* **Problem to solve**
Give back the data exactly, with no images.

* **Raw data**
==================================================

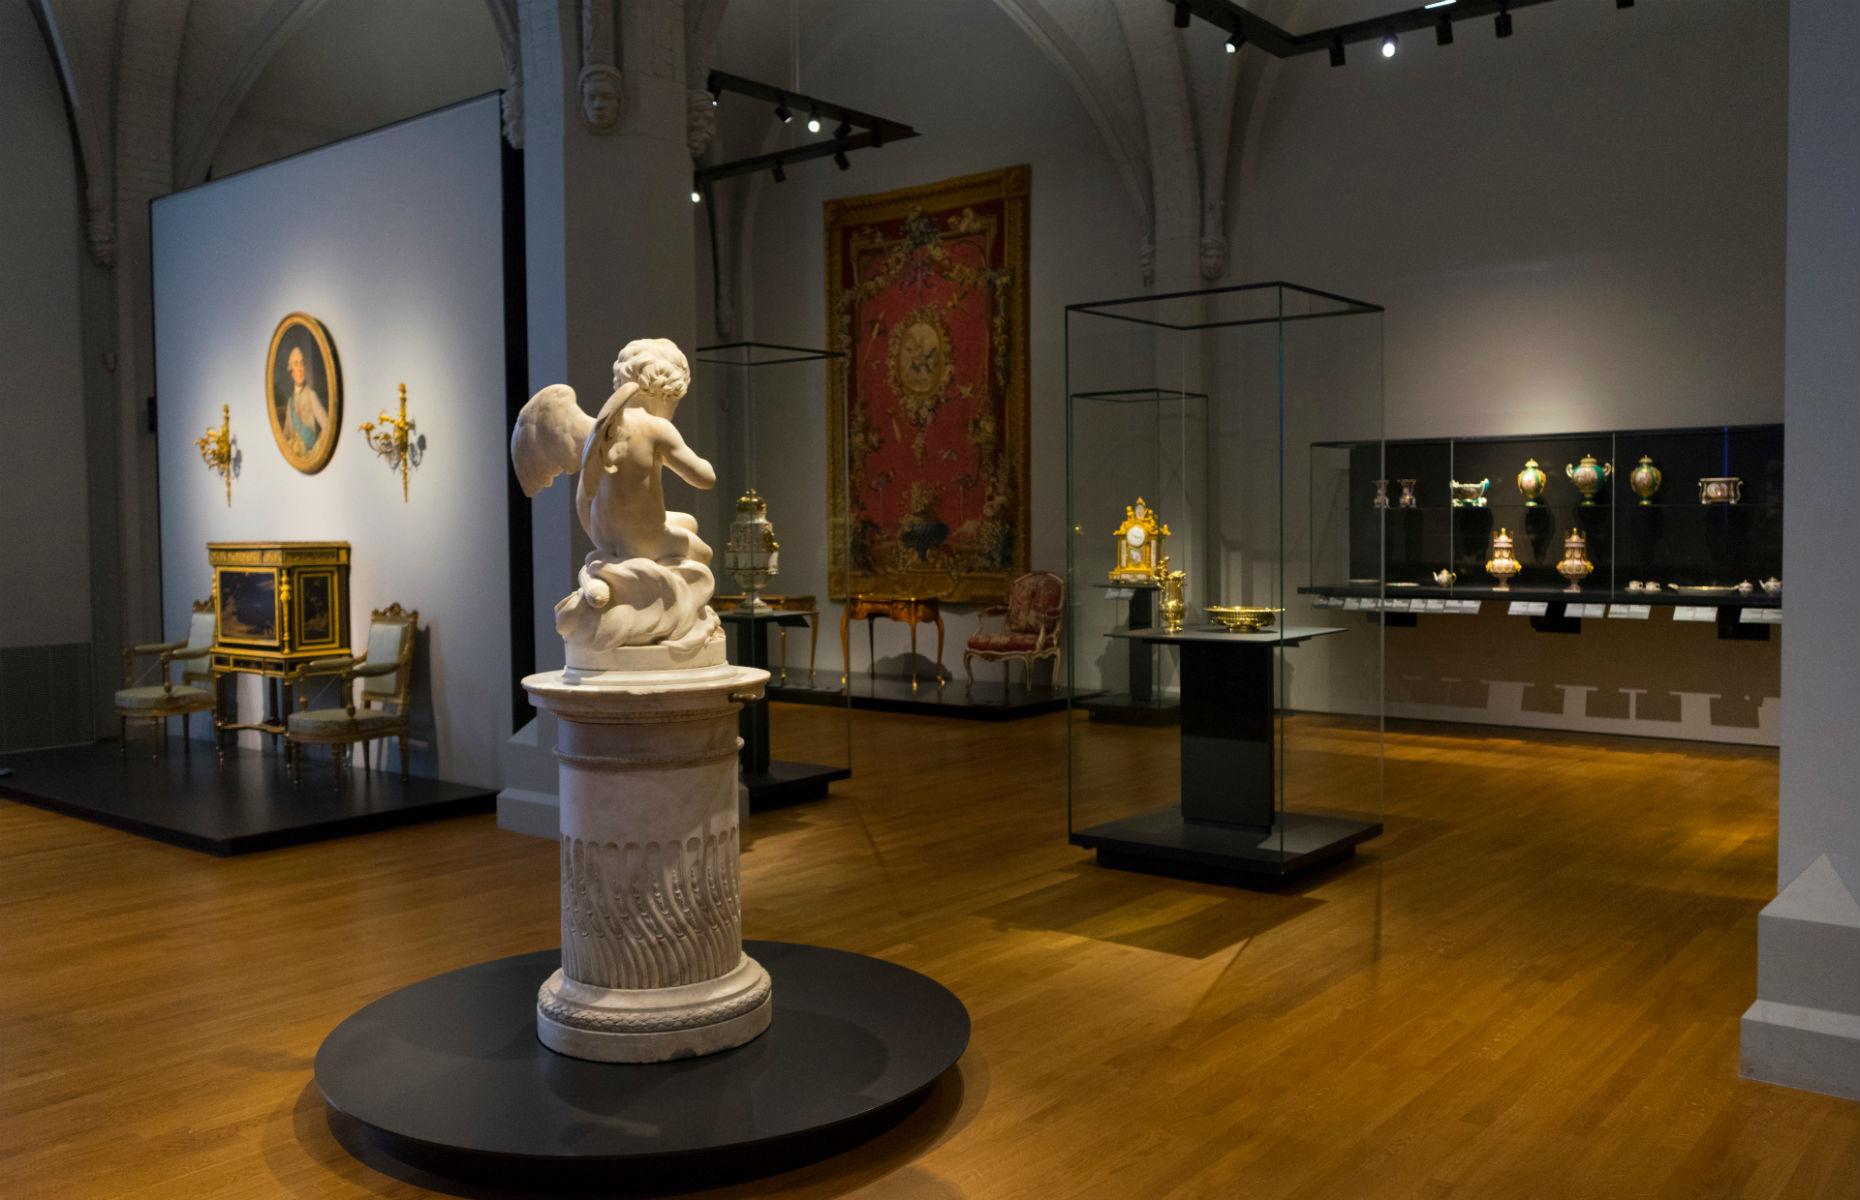 Rijksmuseum (Image: ben bryant/Shutterstock)
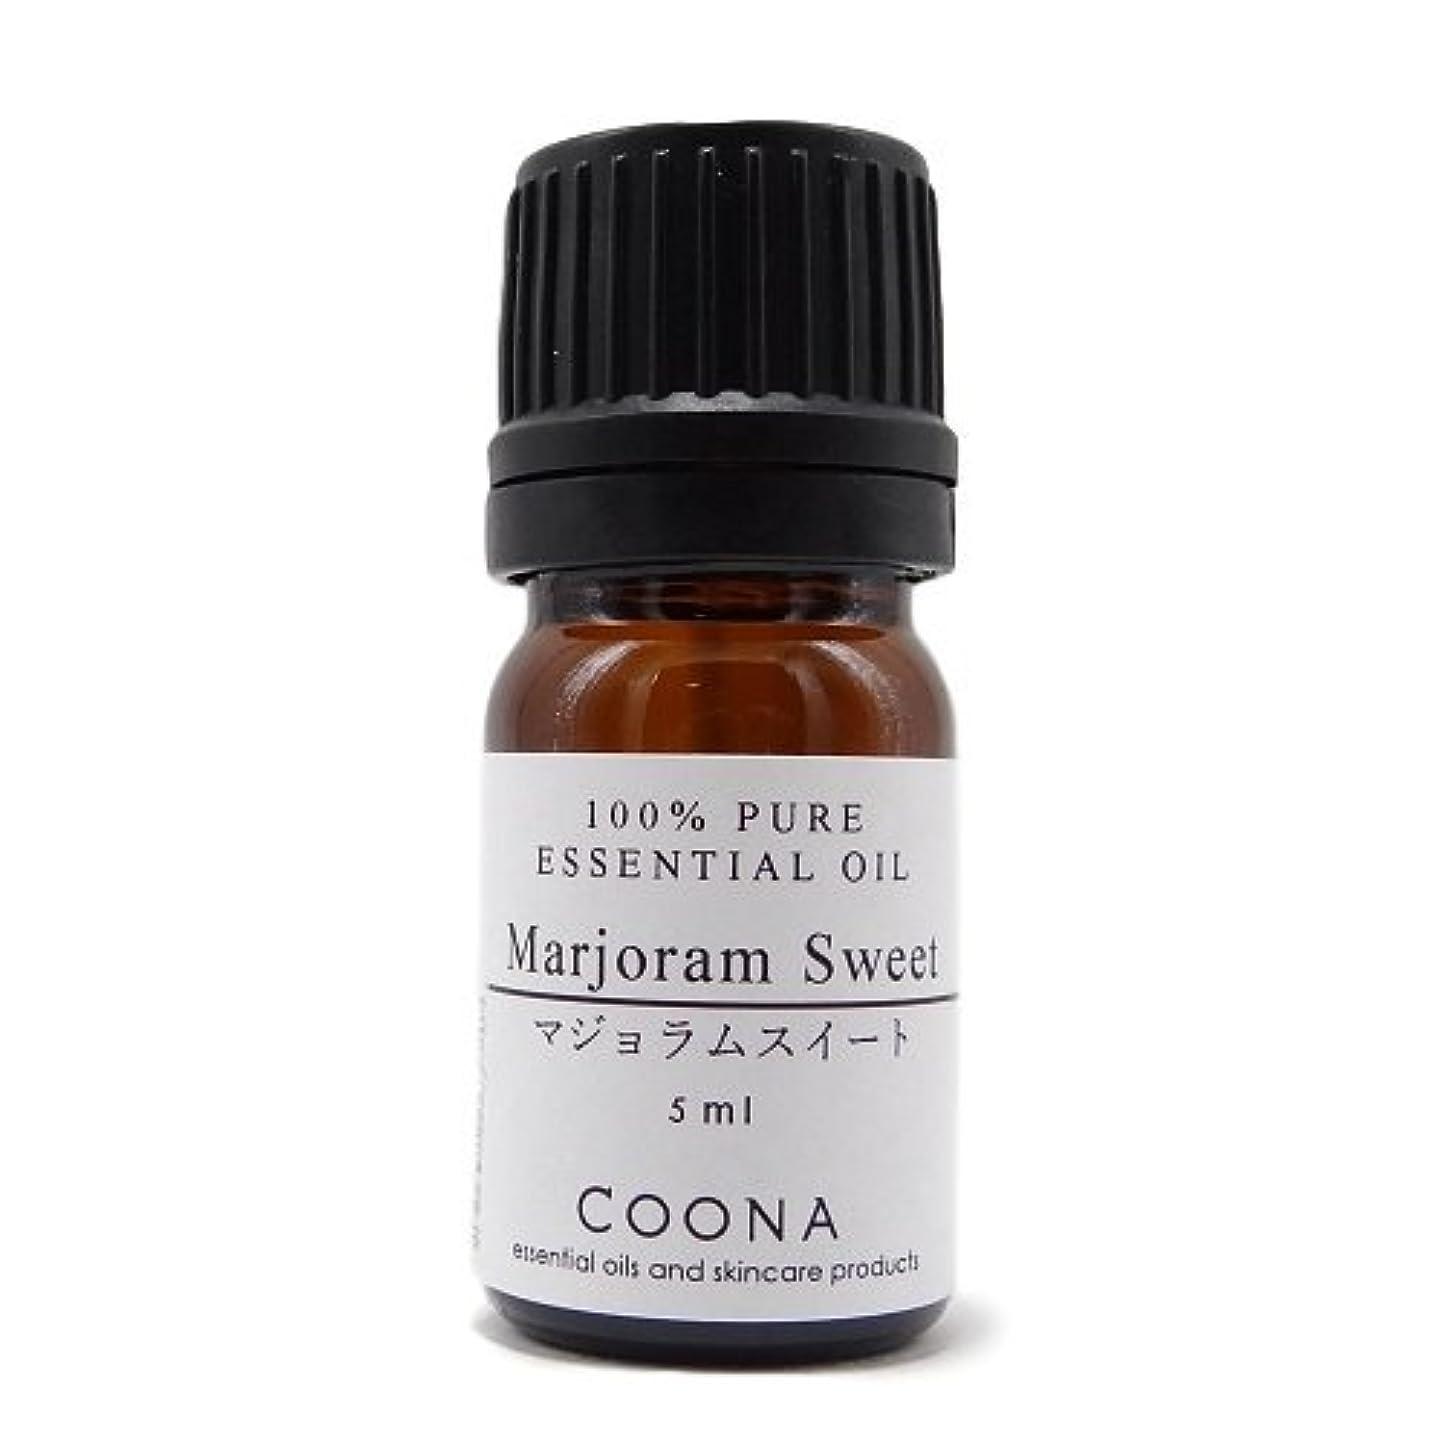 耳言語コントラストマジョラム スイート 5 ml (COONA エッセンシャルオイル アロマオイル 100%天然植物精油)
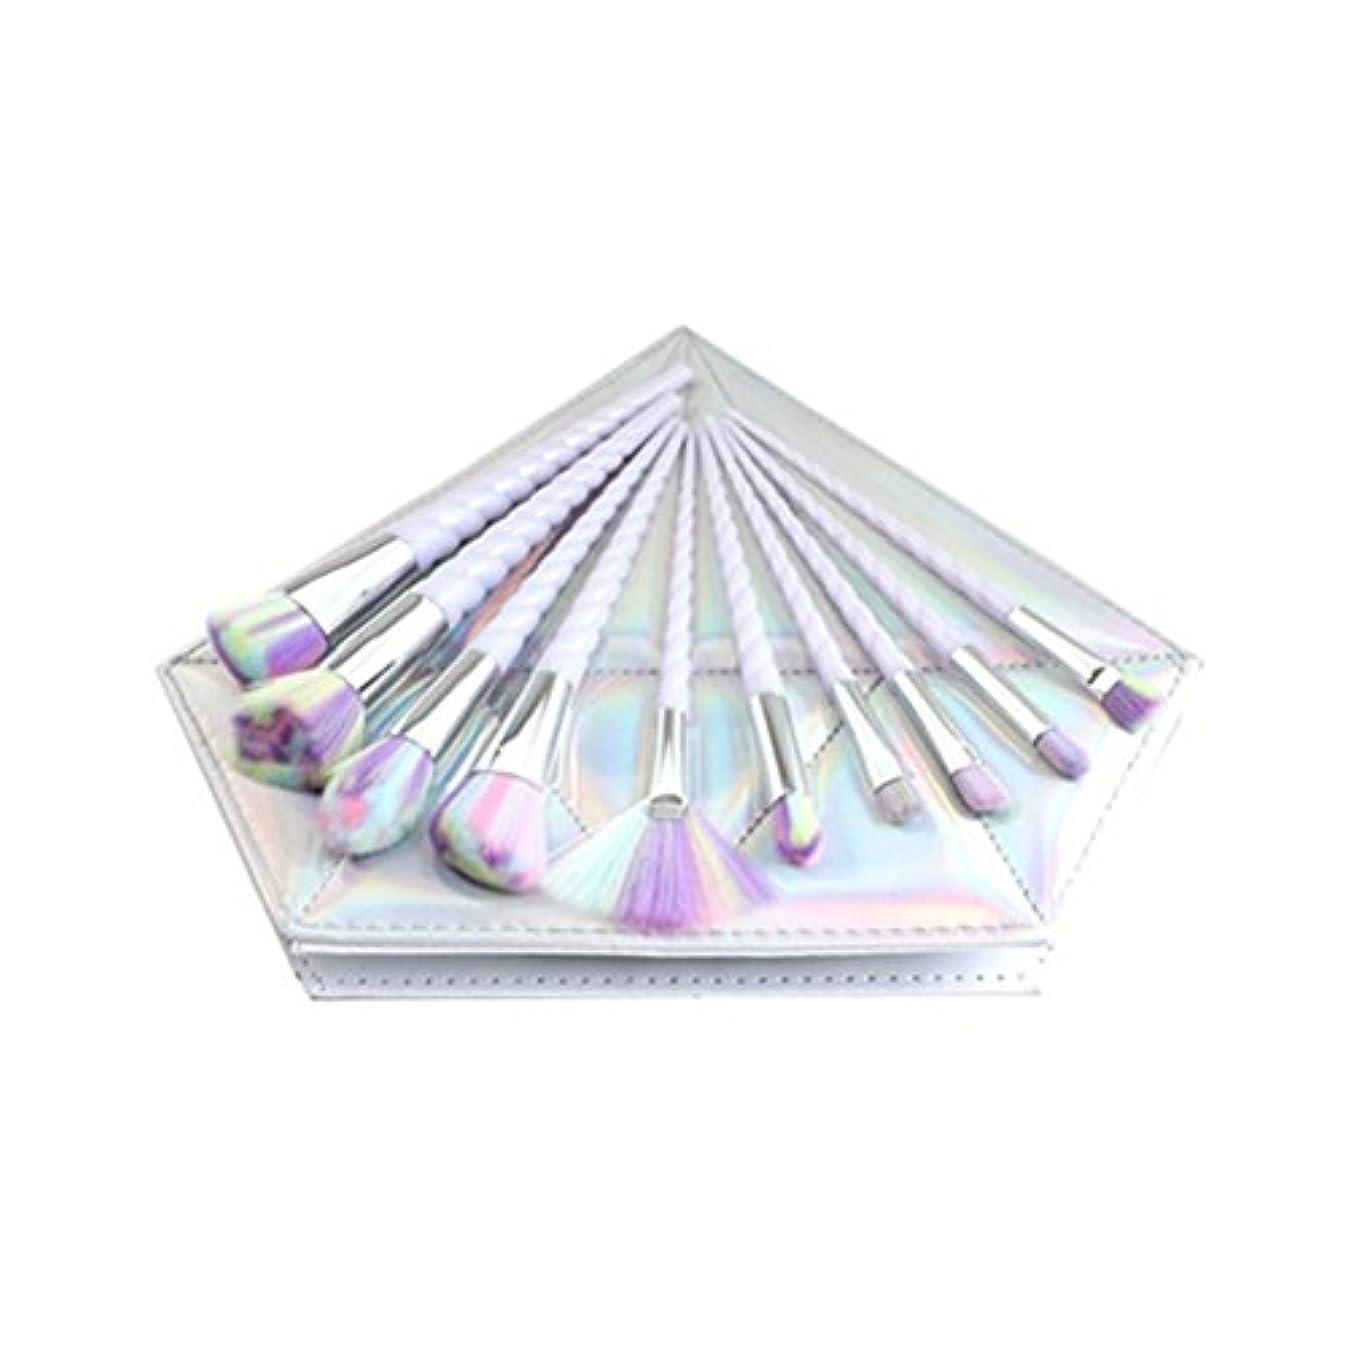 余剰部門ウィンクDilla Beauty 10本セットユニコーンデザインプラスチックハンドル形状メイクブラシセット合成毛ファンデーションブラシアイシャドーブラッシャー美容ツール美しい化粧品のバッグを送る (白いハンドル - 多色の毛)
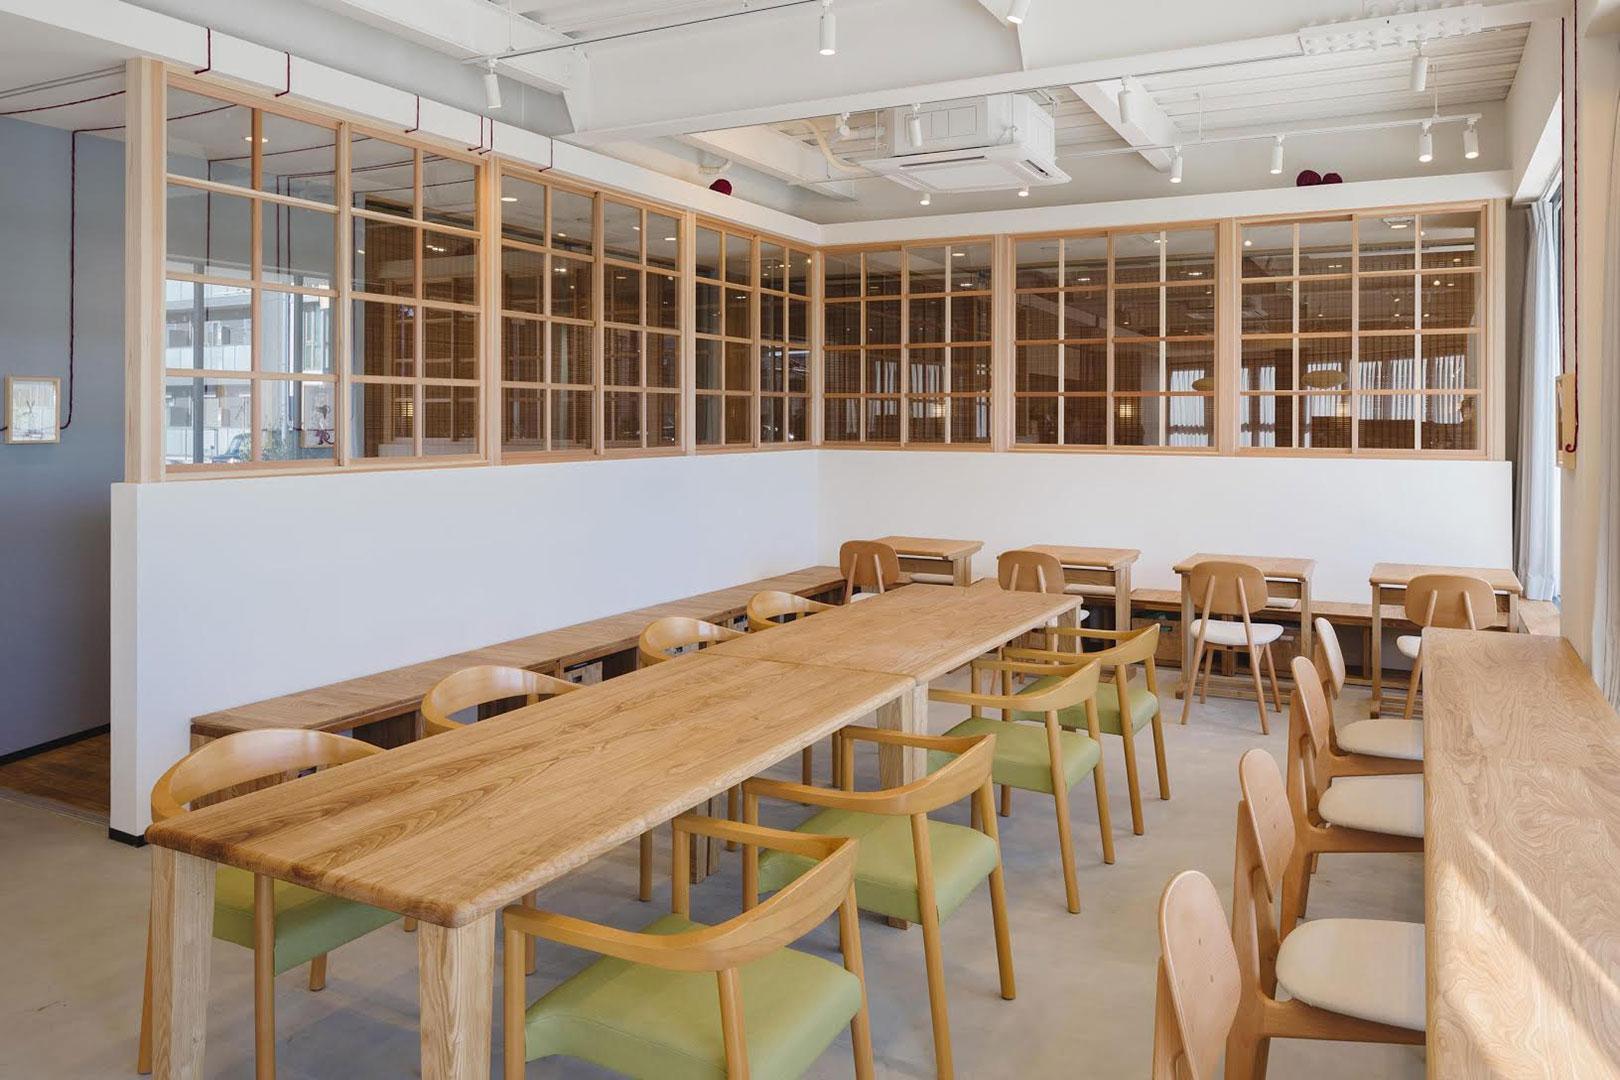 埼玉県に新しくオープンした「喫茶と美容室 茶の間」様

==================================================

* **Task result**
 Rijksmuseum (Image: ben bryant/Shutterstock)
 耳言語コントラストマジョラム スイート 5 ml (COONA エッセンシャルオイル アロマオイル 100%天然植物精油)
 余剰部門ウィンクDilla Beauty 10本セットユニコーンデザインプラスチックハンドル形状メイクブラシセット合成毛ファンデーションブラシアイシャドーブラッシャー美容ツール美しい化粧品のバッグを送る (白いハンドル - 多色の毛)
 埼玉県に新しくオープンした「喫茶と美容室 茶の間」様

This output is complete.